Your 50s and 60s Hormone Balancing Diet
- Focus on organic, hormone-free, little to no processed foods,
- Eat the rainbow of vegetables so you may get as many natural sources of vitamins, minerals, and micronutrients as possible.
- Keep starting your day with a green juice to assist healthy liver function and keep arteries clean.
- Stick to lean sources of protein and healthy fats like olive oil, nuts, and avocados also known as “brain food,” which also help your hormone balancing diet
- Consider a Vitamin D supplement, which may help lower blood pressure and cortisol levels for better sleep.
- Keep your gut, aka your second brain, clean to maintain cognitive abilities sharp longer. Read more about how gut health may affect your brain.
- Maintain an active lifestyle that revolves around breathing exercises and cardiovascular health.
PMS affects up to 80% of women and includes physical symptoms of bloating, cramps, breast tenderness, weight gain, and mental symptoms in mood swings, anxiety, and depression. And although most women have accepted these symptoms as “normal” the reality is, factors such as environmental toxins and higher stress levels than ever, have turned PMS into an epidemic.
There hasn’t been an easy way to approach all of the wide range of PMS symptoms, until now.
Organifi Harmony is a delicious cacao and chocolate-flavored superfood blend designed by some of the world’s top herbalists (who happen to be women), for women.
It’s not just for your time of the month! Harmony contains a daily dose of balancing herbs that supports your well-being all month long.
Harmony includes traditional healing ingredients such as Chaste Tree Berry and Shatavari, two highly potent herbs that have been used for centuries to decrease symptoms of PMS and support a healthy cycle.
A hormone-balancing diet is unique to every individual; a person suffering from Hashimoto’s will have very different needs from someone experiencing hyperthyroidism, or perimenopause.

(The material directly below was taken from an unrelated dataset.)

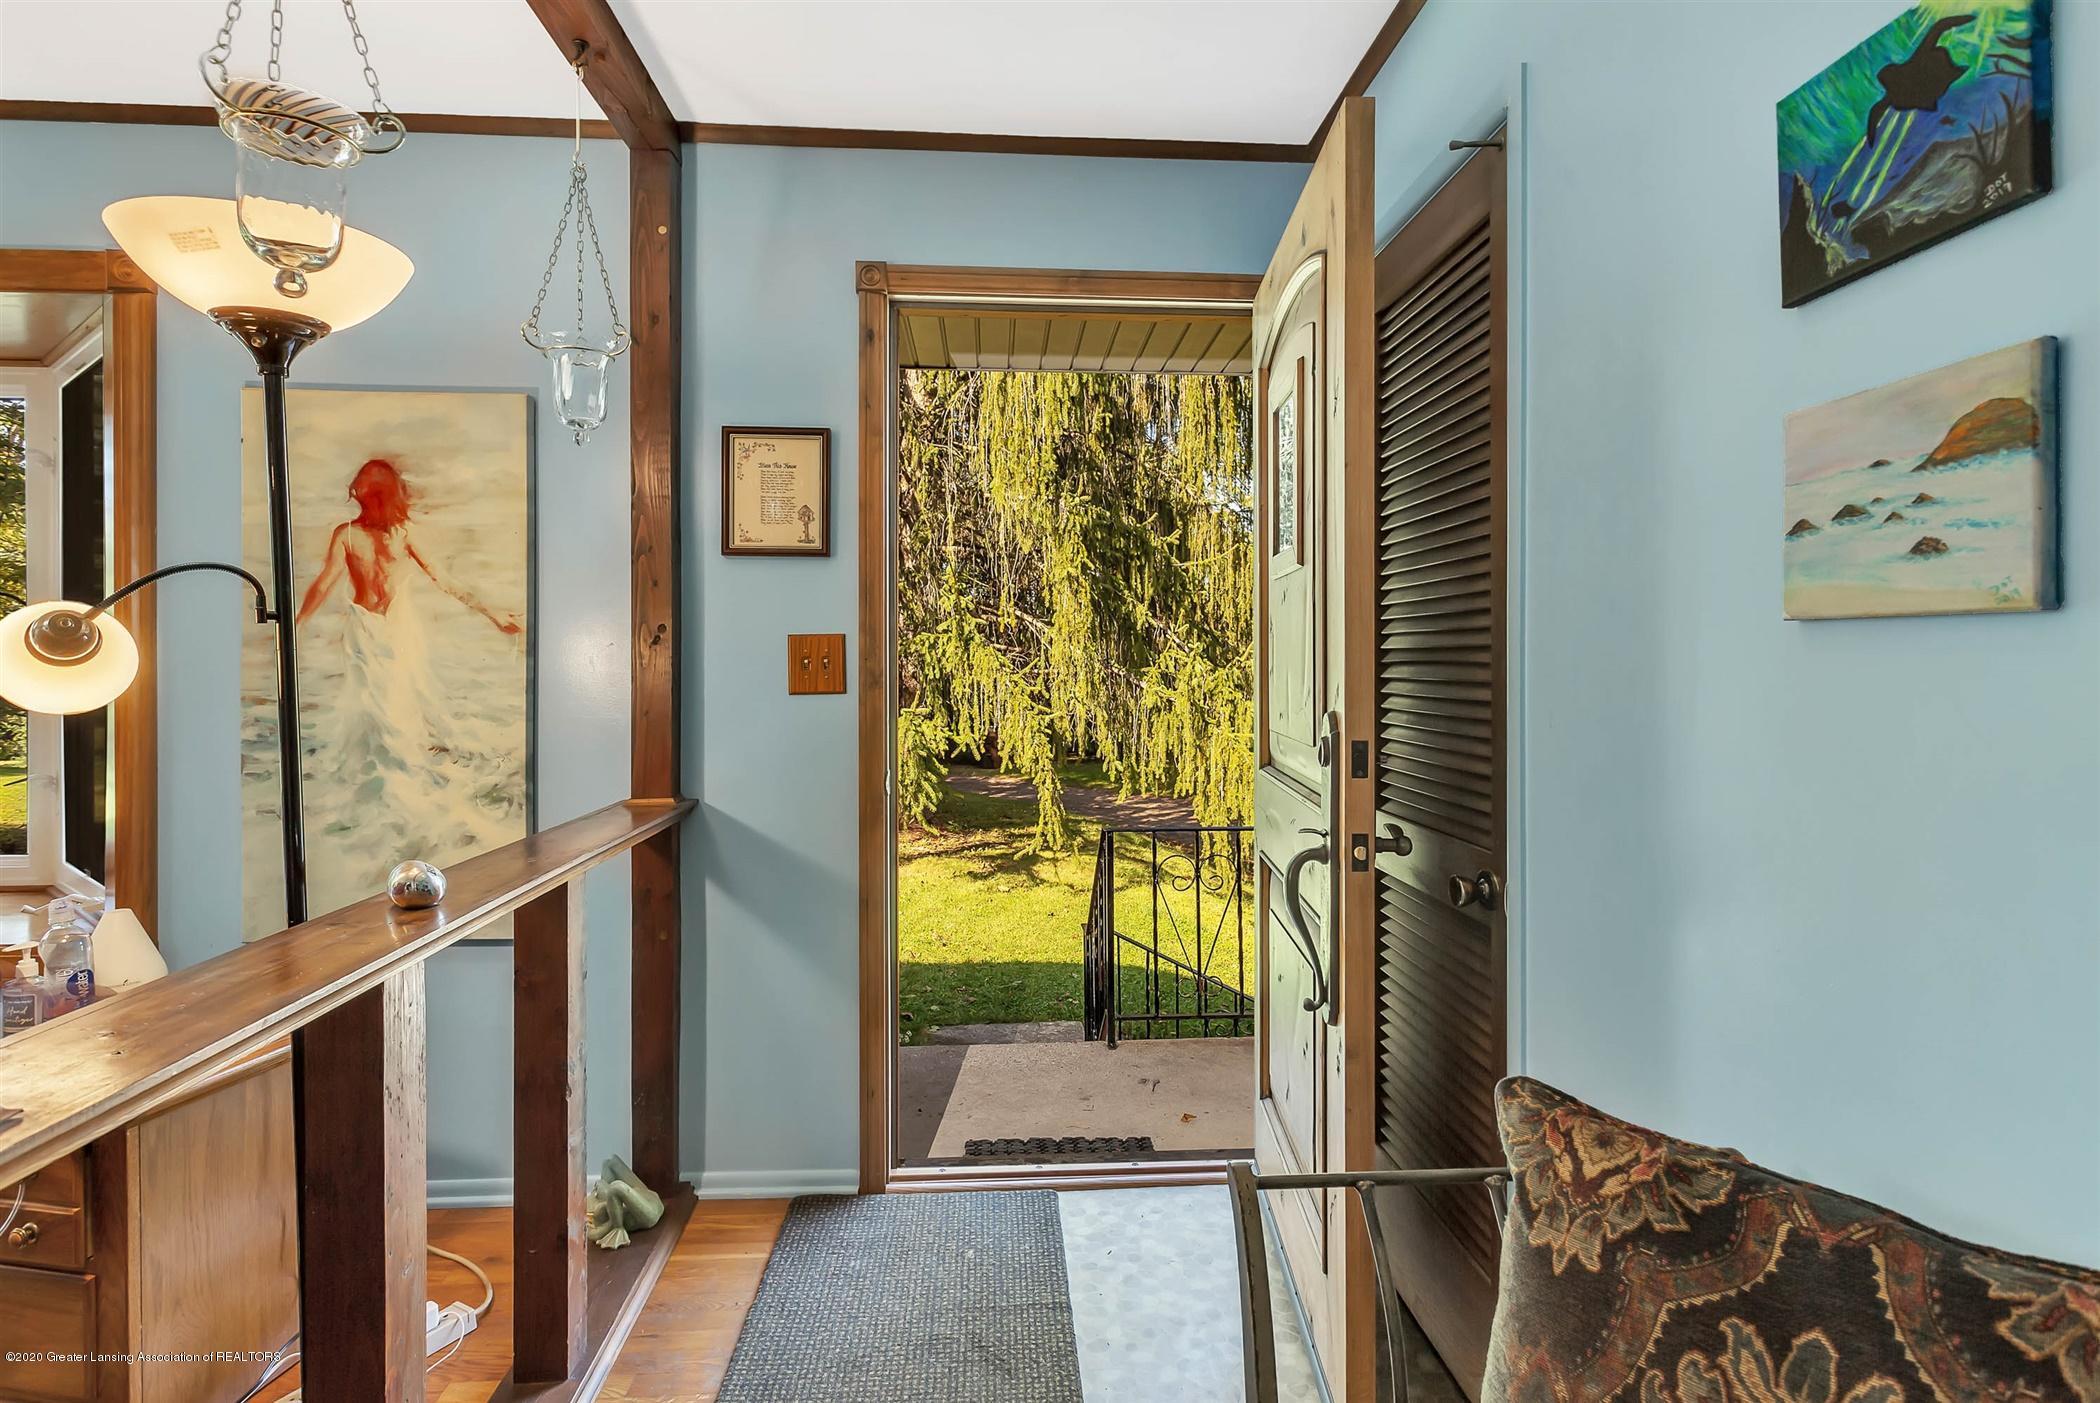 5110 E Clark Rd - 07-5110 Clark Rd-WindowStill-Real-E - 7

Cruciferous green vegetables, calcium, collagen, vitamin c, biotin, lean protein, and healthy fats all work together to help you combat the signs of aging at different stages in your life.
Consider these healthy hormone-balancing diet tips as a starting point, keep an eye on your hormone levels, and ask your physician for at least a yearly blood-work check-up to stay on top of any developing issues.
Graceful aging is possible when you leverage superfoods, exercise, and mindful living.